┌──

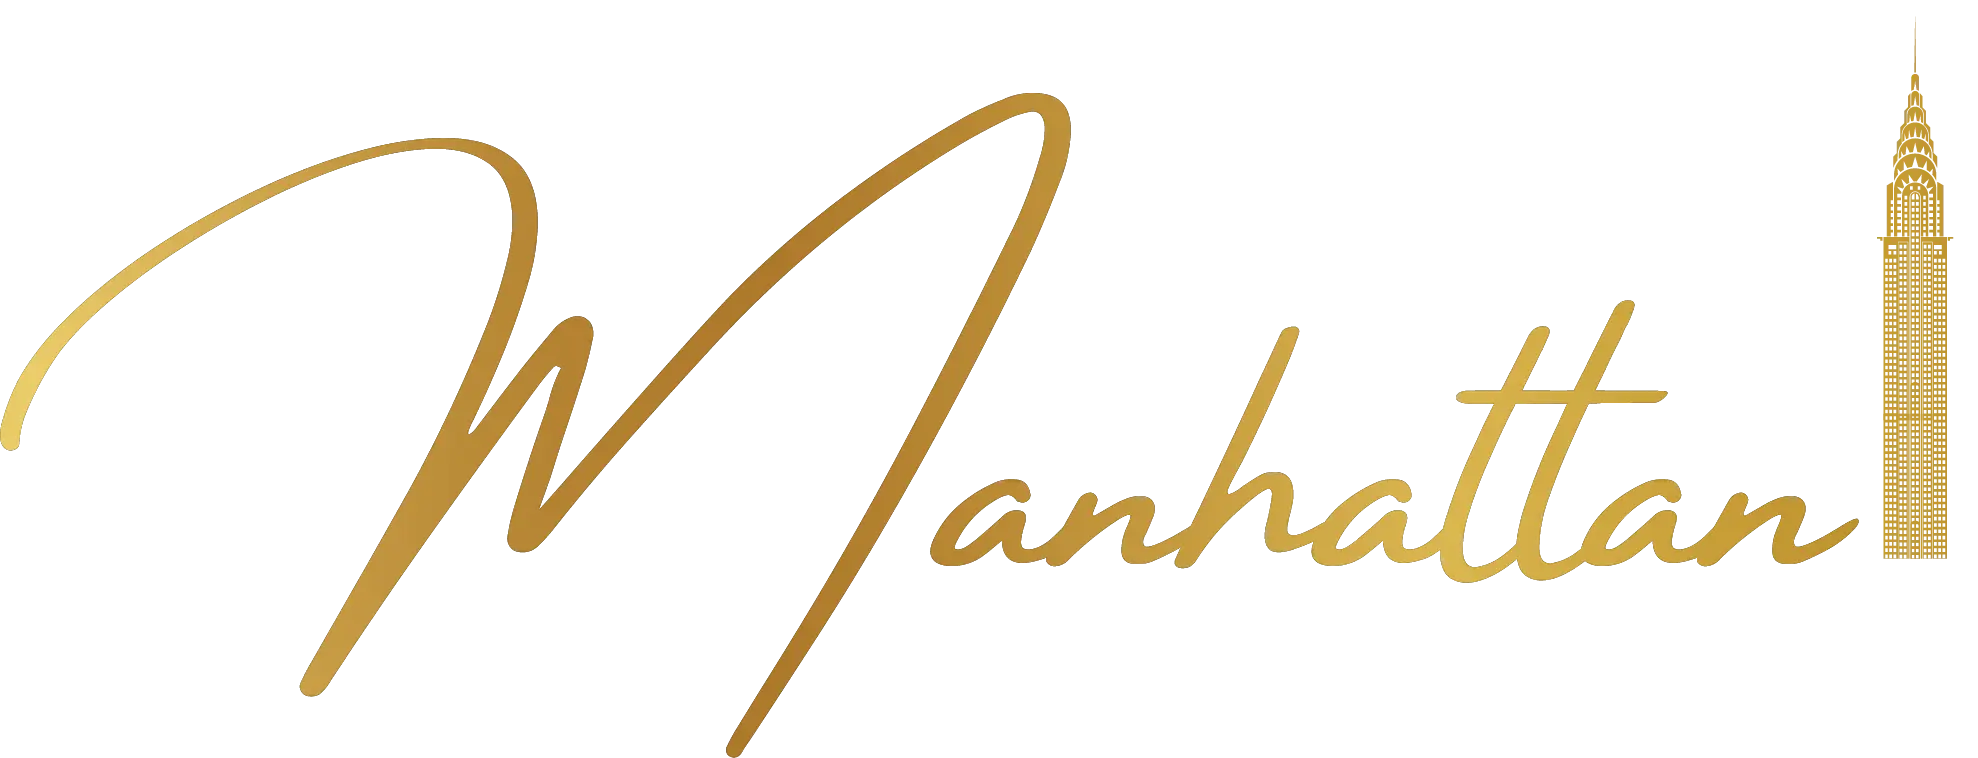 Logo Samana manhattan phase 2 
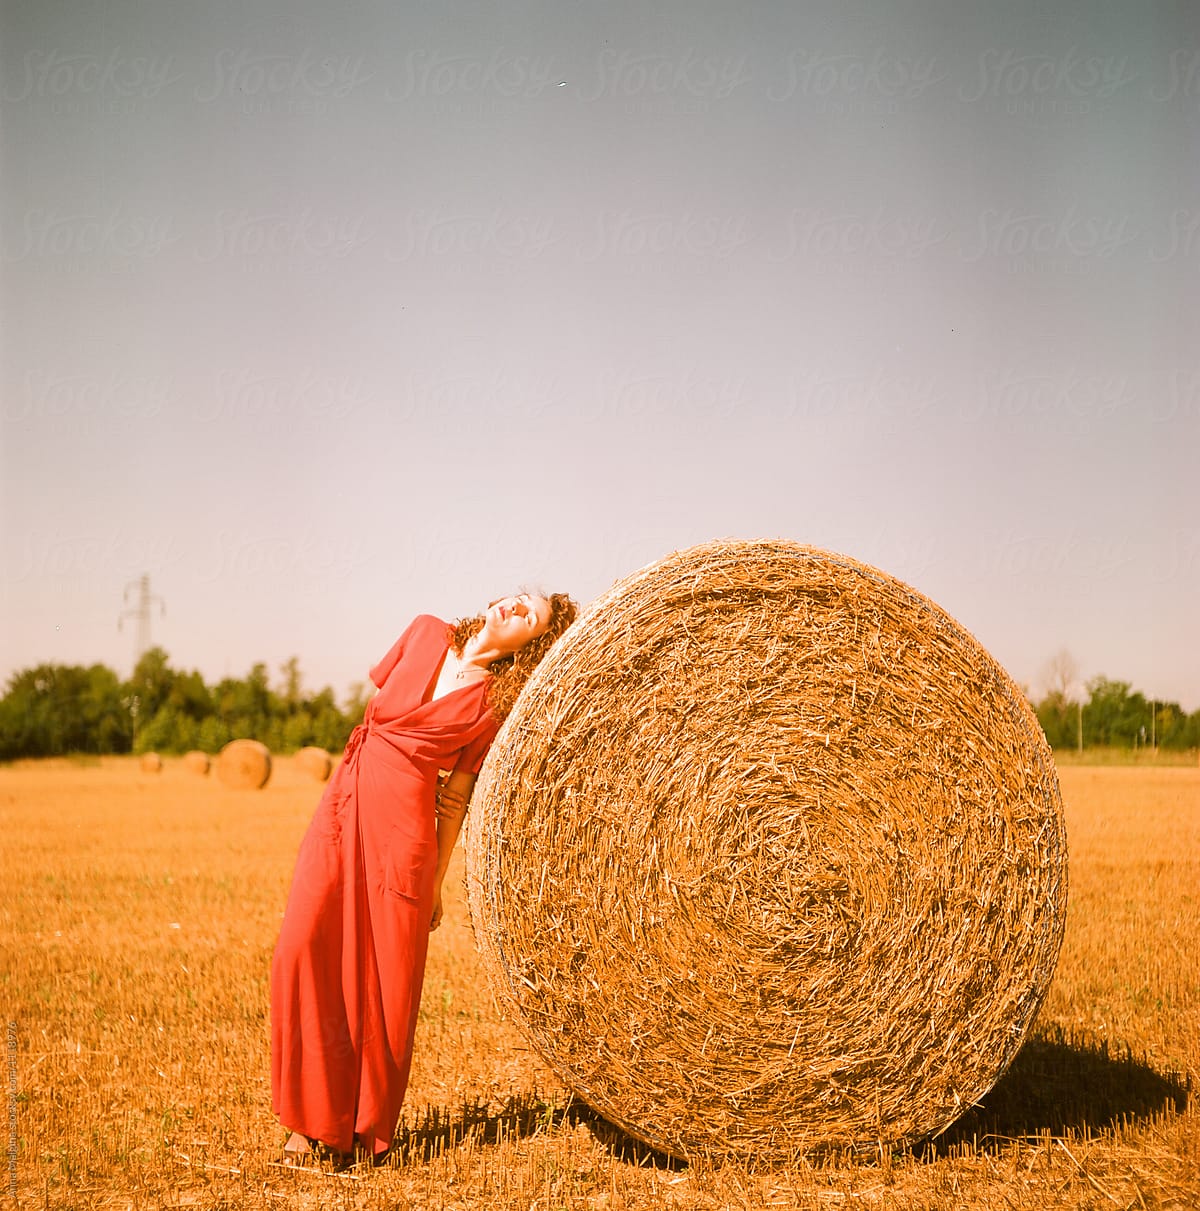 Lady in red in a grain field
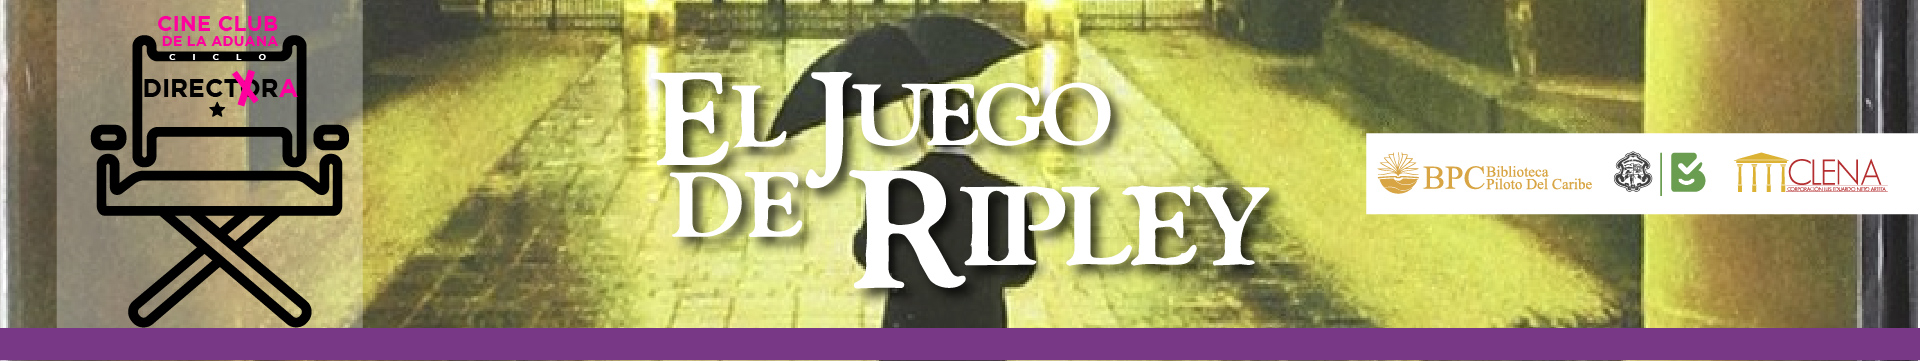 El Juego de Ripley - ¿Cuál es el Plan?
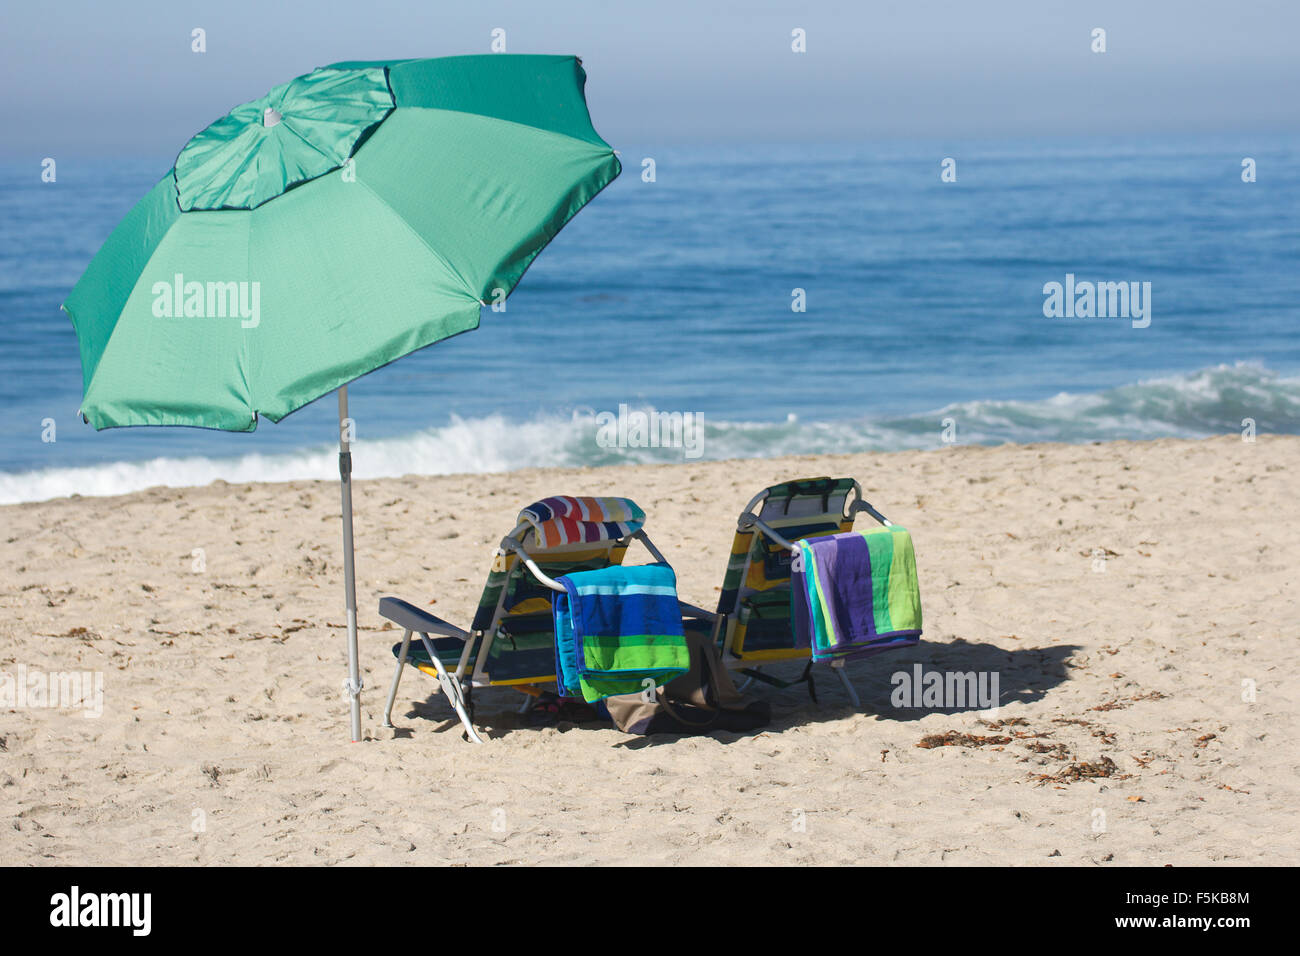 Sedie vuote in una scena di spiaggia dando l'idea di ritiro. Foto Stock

└──

All of the data is to be returned exactly, with no pictures included.

 Logo Samana manhattan phase 2 
 Lady in red in a grain field
 El Juego de Ripley - ¿Cuál es el Plan?
 Sedie vuote in una scena di spiaggia dando l'idea di ritiro. Foto Stock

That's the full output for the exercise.